= Ahsanabad =

Neighbourhood in Karachi

Ahsanabad Co-operative Housing Society (ACHS; احسن اباد) is a residential neighbourhood in northern Karachi, Sindh, Pakistan. Located within Gadap Town, Ahsanabad is spread over 500 acres south of Maymar Avenue and between northwest of I.B. Soomro Avenue and Shaheed Khalid Bin Waleed Road.

There are several ethnic groups in Ahsanabad Co-operative Housing Society (ACHS) including Muhajirs, Sindhis, Punjabis, Kashmiris, Seraikis, Pakhtuns, Balochis, Memons, Bohras, Ismailis, etc. Over 99% of the population is Muslim.
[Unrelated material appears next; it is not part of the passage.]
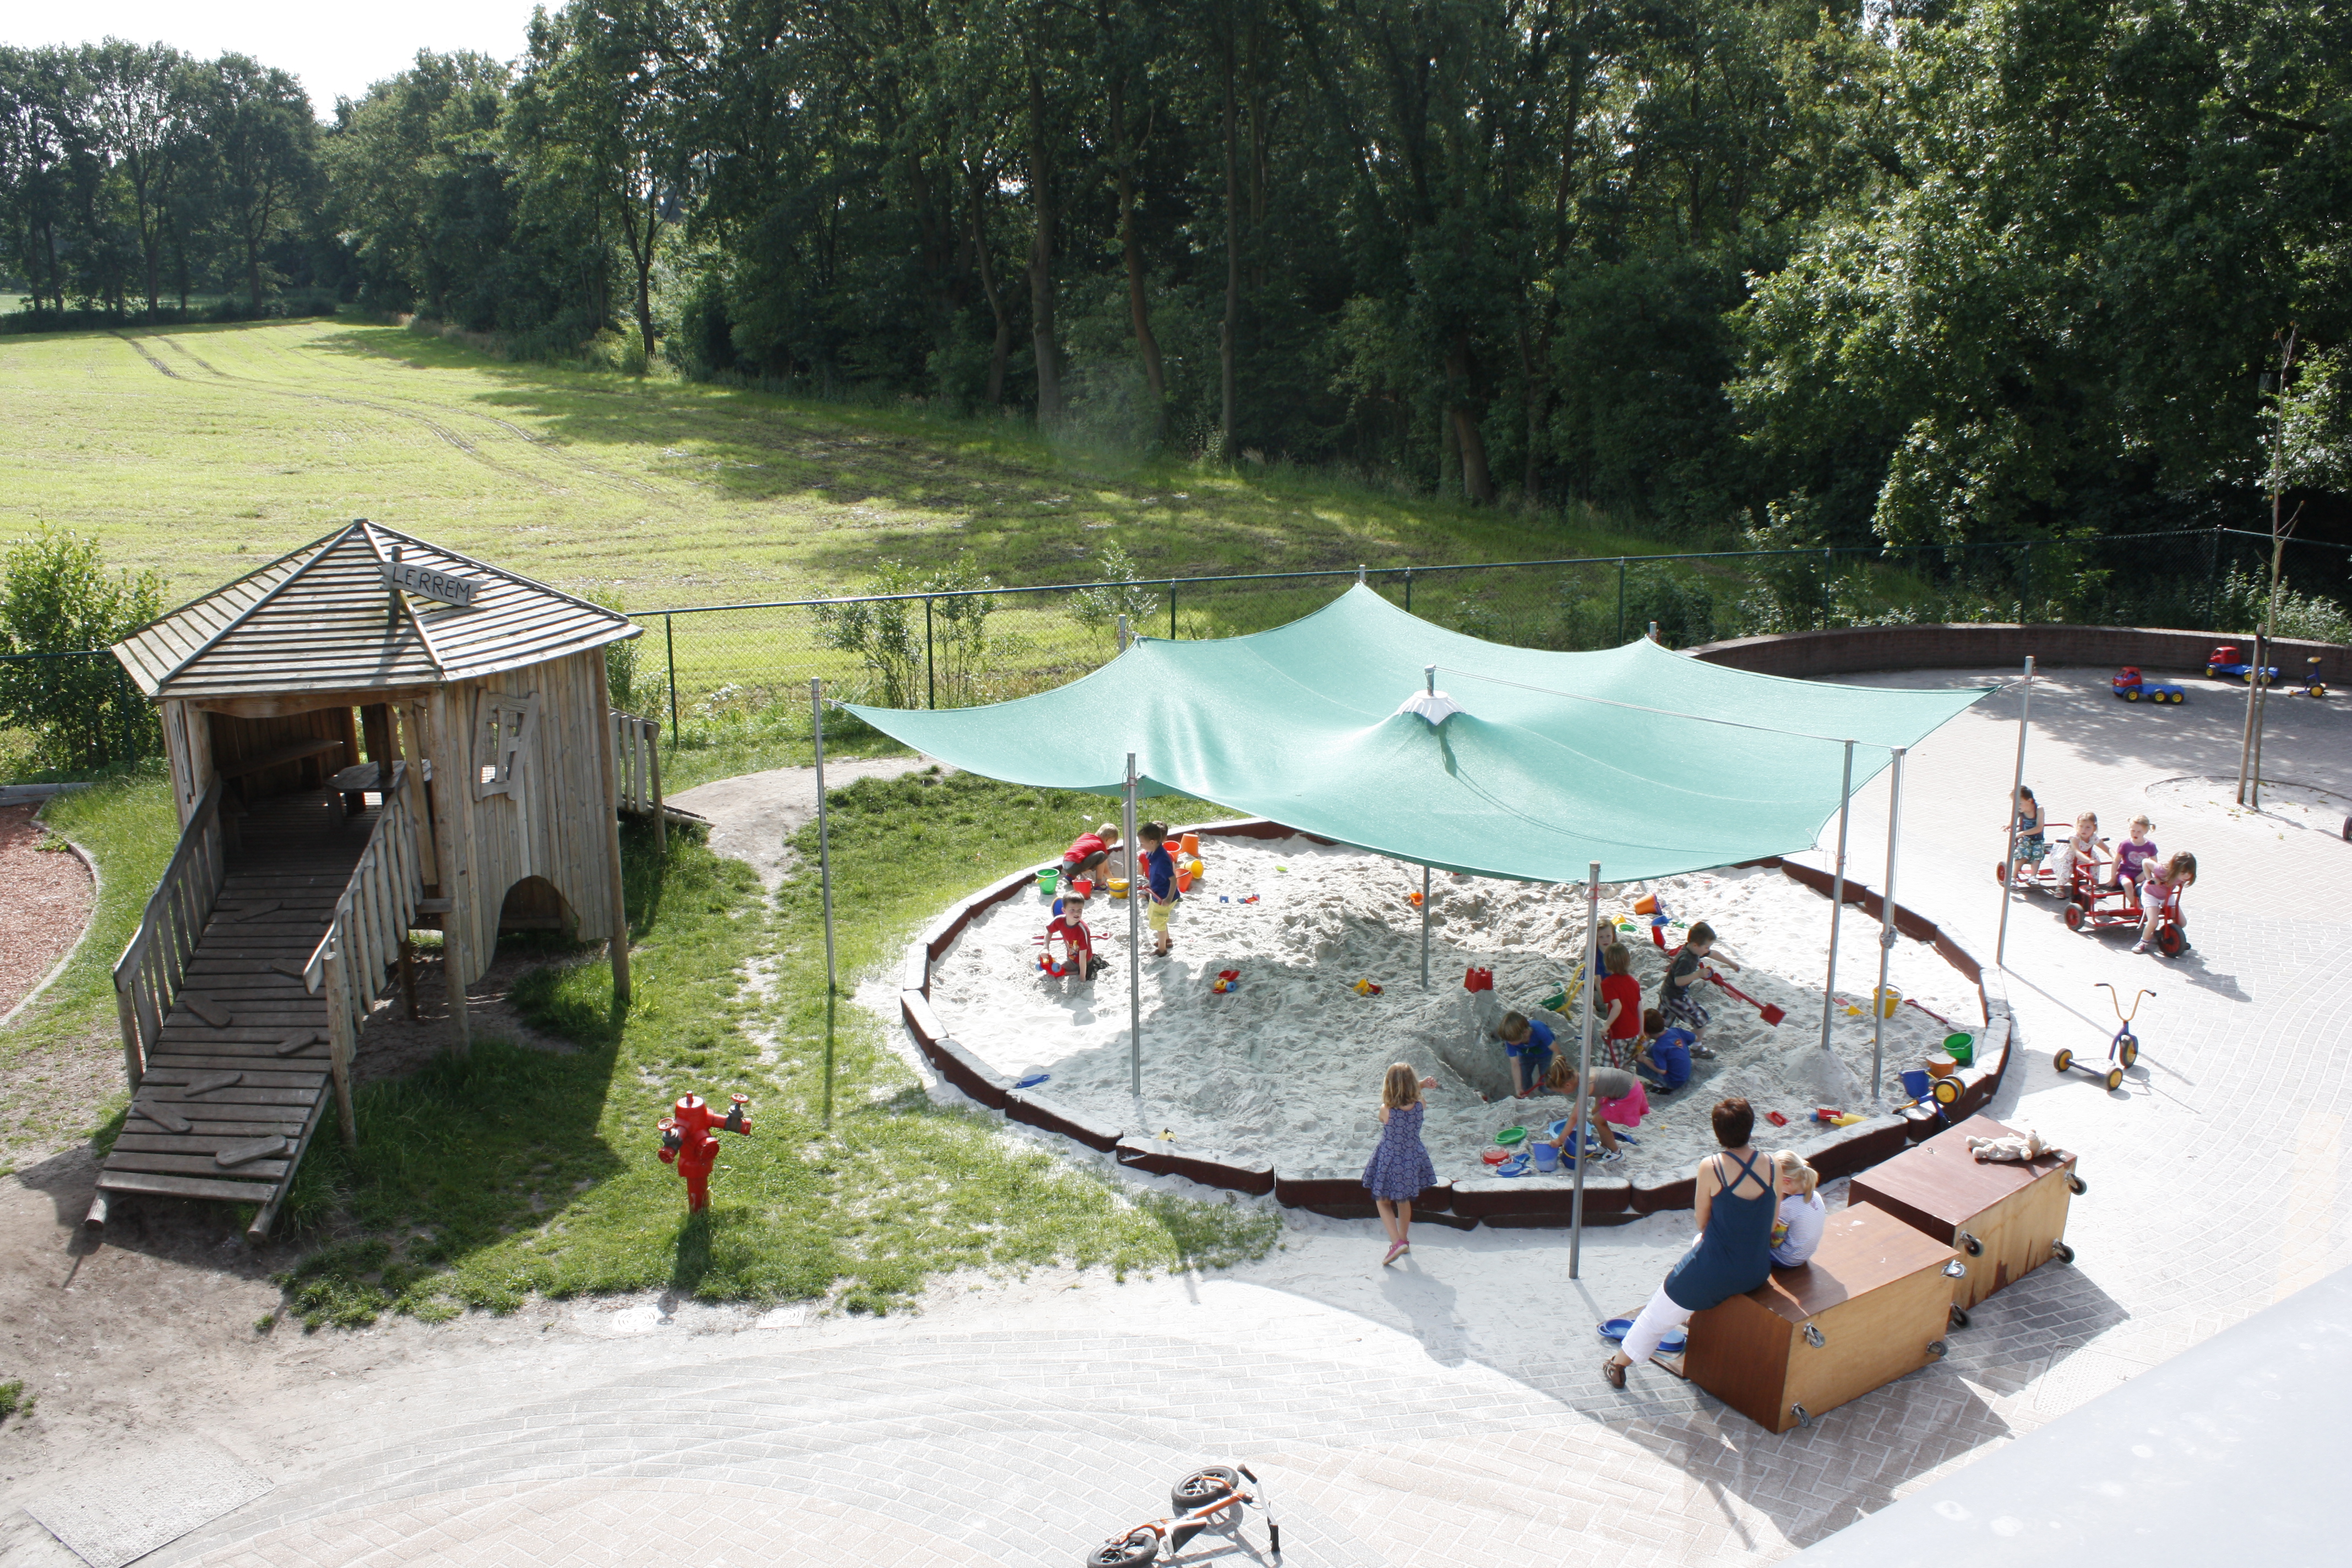  Speelplaats met zandbak en speelhuisje Stedelijke Basisschool Larum Geel fotograaf AGION

The overall population of Gadap Town is estimated to be nearly one million. The area has paved roads and access to water, gas and electricity. Plots start from 200 sqyd up to 4000 sqyd. Ahsanabad is also home to Jamia Tur Rasheed, a large mosque affiliated with the Deobandi school of thought.

In the 2010s, Ahsanabad saw increasing land grabbing of amenity plots, parks, and open spaces, primarily driven by organised land mafias. Court-ordered anti-encroachment operations have resulted in violent confrontations.